Anyone might have some helpful tips or insights? Maybe some street wisdom to share? Anything that you might consider obvious, but a naive European might be oblivious to?
From your post, I think you know cost of living will be a major consideration, but only you can tell if you and your partner's income and financial resources will be sufficient to achieve the lifestyle, including housing, you want. I've been to Santa Barbara several times, having lived in Southern California for more than a decade. As others here have noted, it's lovely, but expensive. I suggest you rent a home or apartment for six months to a year rather than buying. It's a good way to determine if you're in the right area.

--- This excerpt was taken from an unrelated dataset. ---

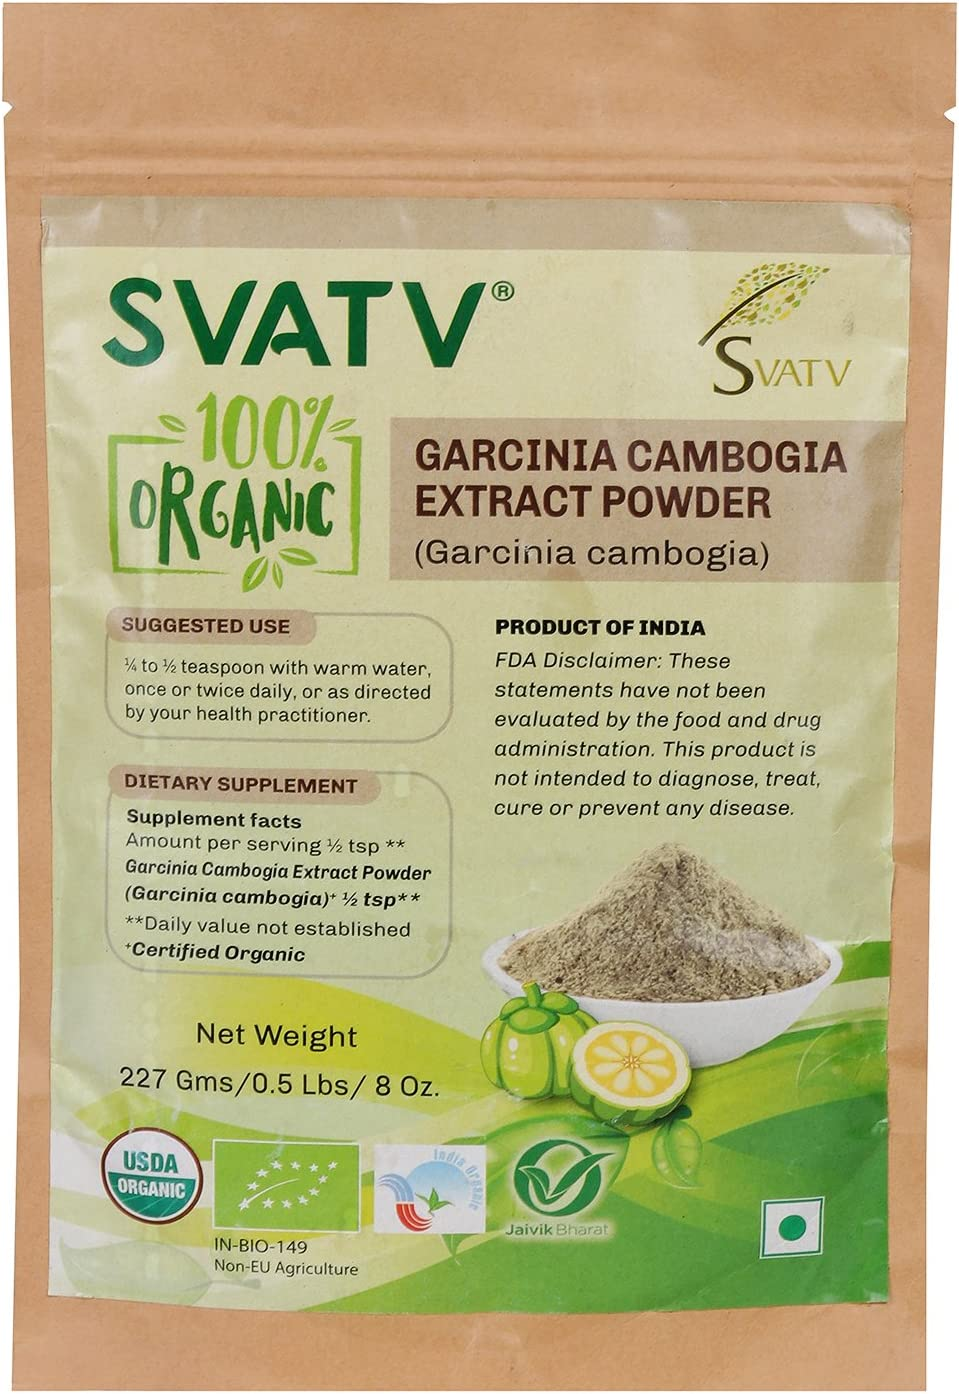 Amazon.com: SVATV Organic Garcinia cambogia 1/2 LB, 08 oz, 227g USDA  Certified Organic- Biodegradable Resealable Zip Lock Pouch: Health &  Personal Care

As well, only you can assess the solidity and permanence of your job offers. I've been in academics almost my entire career, and know that universities and other educational/research institutions will go a long way to recruit superlative talent, especially in "hot" disciplines. The more they're willing to do for you (e.g., set up labs, pay for staff), the more likely they see it as a long-term commitment.

Culture and politics also come into play when moving to a different country. As you probably know from the news and perusing this forum, the U.S. is at a particularly fraught juncture, with the most important election in our history just under one year away. We are hoping for the best, but there are no guarantees. The extent that this should factor into your decision-making is up to you, of course.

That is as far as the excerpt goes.